In 1931, Miss Alice Howard (daughter of Sir Henry Howard, appointed British envoy to the Vatican City in 1914, the first such appointment since 1558) purchased a property in Painswick, for conversion into a Catholic church. It was not until 1934 that the church was ready for mass to be said, and in August of that year it was dedicated to Our Lady and St Therese of Lisieux. In October 1934 Barnes was appointed resident priest, and moved into a flat in the village.

==Works==
Barnes was the author of numerous books, mostly of a theological nature, and those were of a controversialist, exhibiting conspicuous anti-Anglican bias. A notable work was his 1922 book on Bishop Barlow and Anglican Orders, whereby he attempted to demonstrate that Bishop Barlow had not been validly consecrated as a bishop, and thereby rendering the Anglican succession invalid. This was firmly rebuffed by Canon Claude Jenkins, the librarian at Lambeth Palace, who had the relevant documents within his control, in a lengthy review article in The Journal of Theological Studies.

Barnes attended the exposition of the Shroud of Turin in 1931, the first time it had been exhibited since 1898. He also attended the exposition in 1933, on the 1900th anniversary of the Crucifixion, and this resulted in the publication of his work The Holy Shroud of Turin in 1934.

A notable non-religious work was The Man of the Mask, published in 1908, in which Barnes identified the Man in the Iron Mask as James de la Cloche, the putative illegitimate son of Charles II.

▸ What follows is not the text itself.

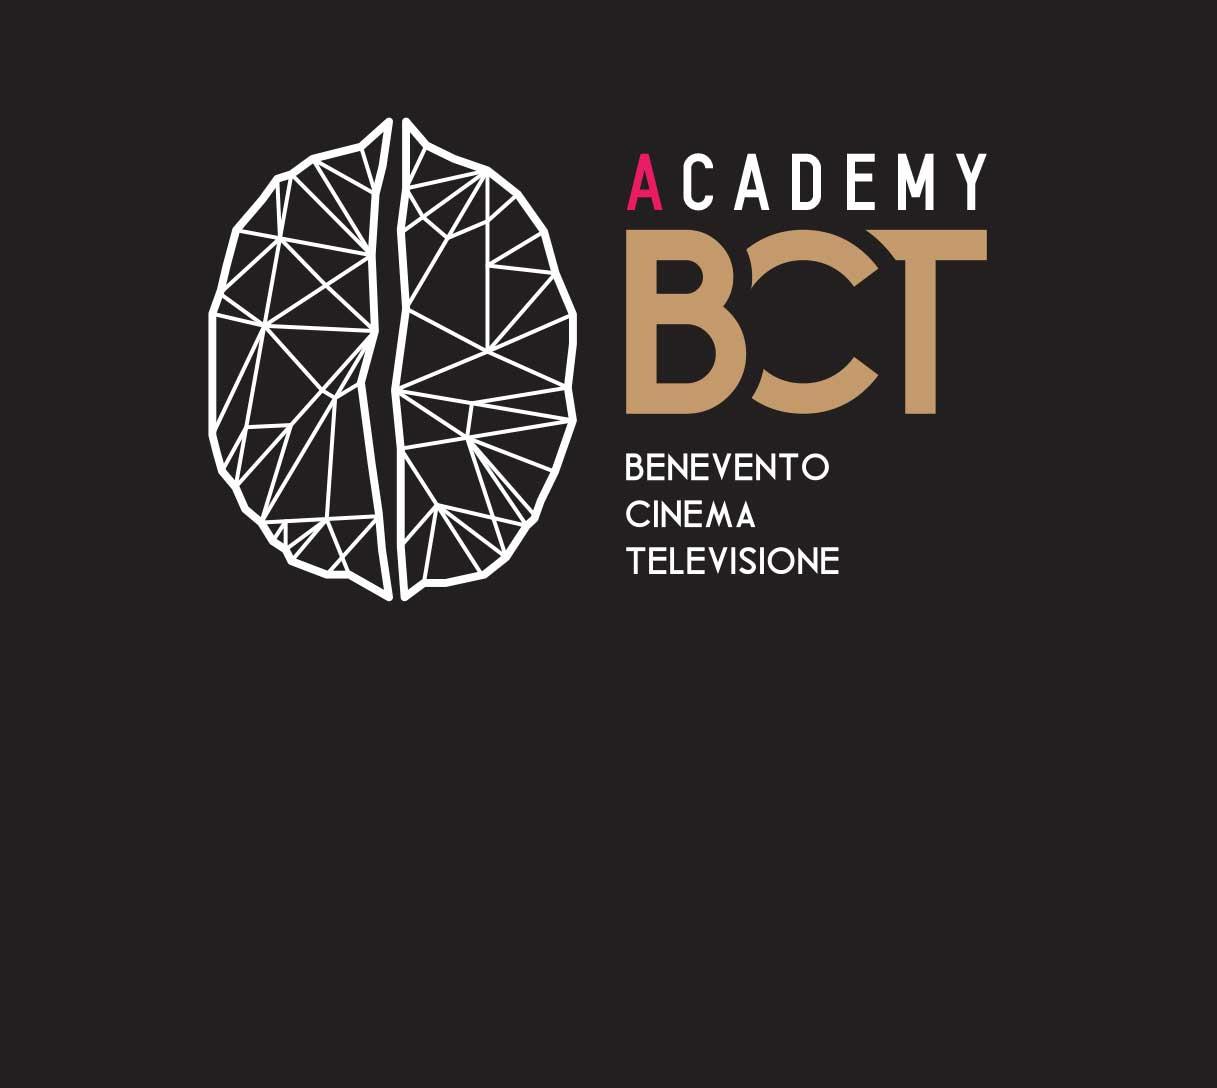 BCT Academy
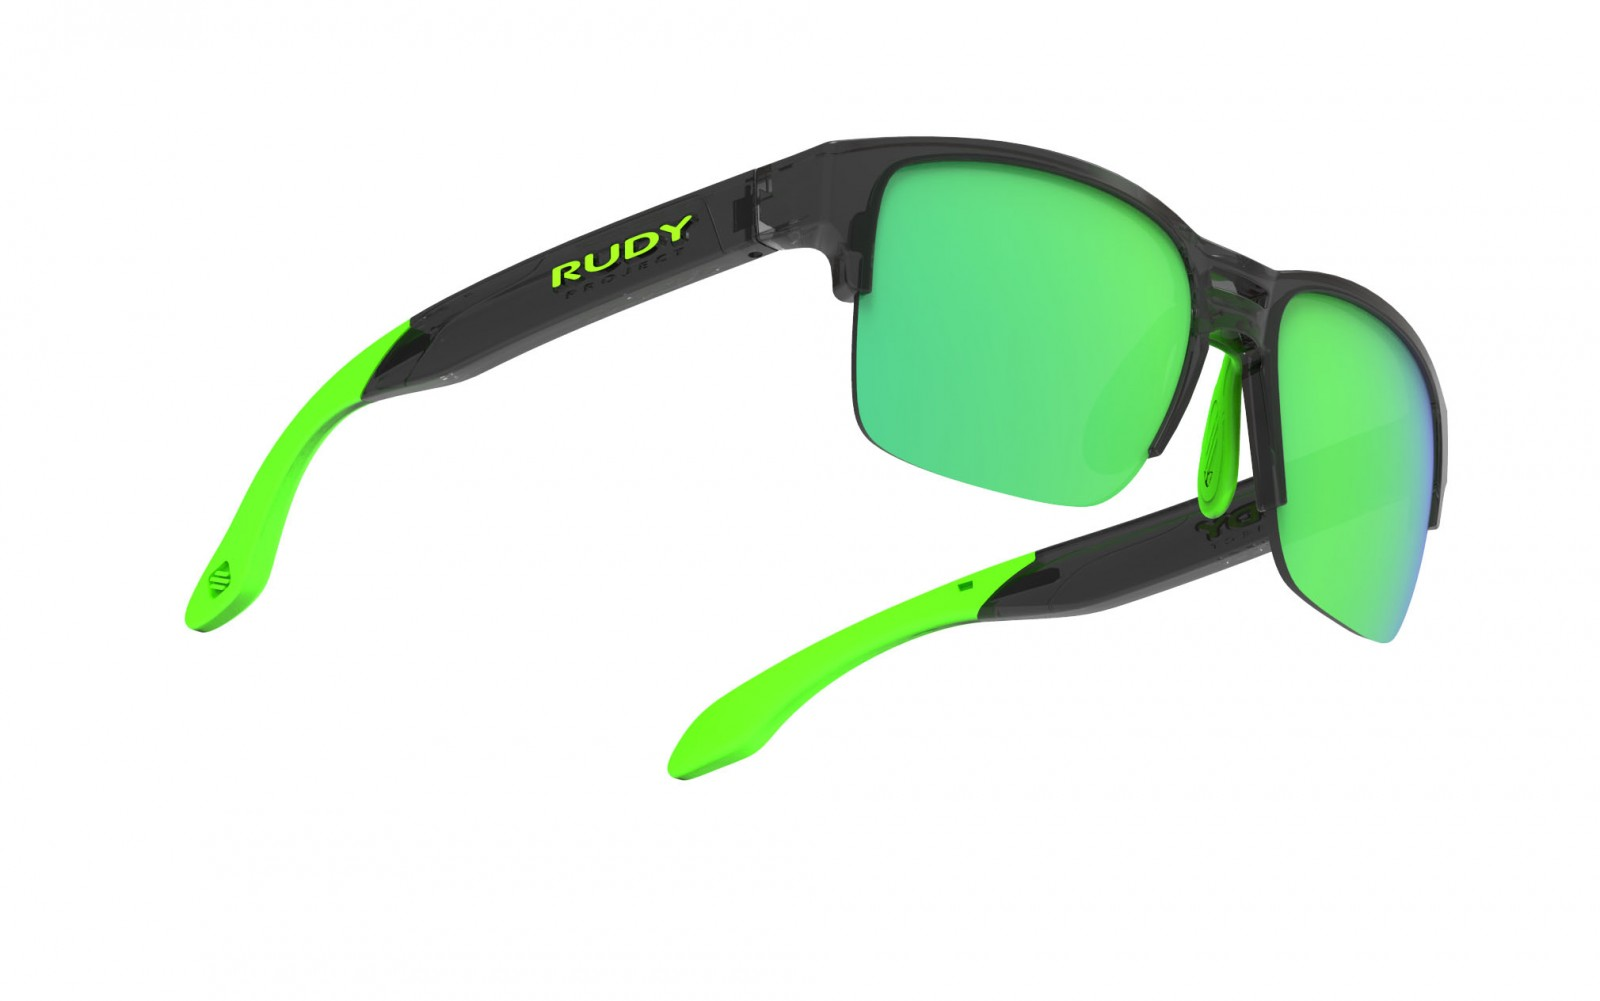 SPINAIR 58 Crystal Graphite / Polar 3FX HDR Multilaser Green

- The English Liturgical Colours and recent writings thereon, (1890: Church Printing Co).
- The Popes and the Ordinal, (1896: Robert Browning).
- Eton in the Olden Days, (1898: Robert Browning).
- St. Peter in Rome, and his Tomb on the Vatican Hill, (1900: Swan Sonnenschein).
- Low Mass in England before the Reformation, (1905: Robert Browning).
- The Man of the Mask, (1908: Smith, Elder).
- Blessed Joan the Maid, (1909: Burns & Oates).
- The Early Church in the Light of the Monuments: A Study in Christian Archaeology, (1913: Longmans & Co).
- Bishop Barlow and Anglican Orders: A Study of the Original Documents, (1922: Longmans).
- The Catholic Schools of England, (1926: Williams and Norgate).
- Catholic Oxford, (1933: Catholic Truth Society).
- No Sacrifice, No Priest, (1933: Catholic Truth Society).
- The Holy Shroud of Turin, (1934: Burns Oates & Washbourne).
- The Martyrdom of Peter and Paul, (1933: OUP).
- Christianity at Rome in the Apostolic Age: An attempt at reconstruction of history, (1938: Methuen).

==Death and legacy==
Barnes died at his home in Painswick, Gloucestershire, in 1936, aged 75, from a coronary thrombosis, and was buried at Prinknash Abbey.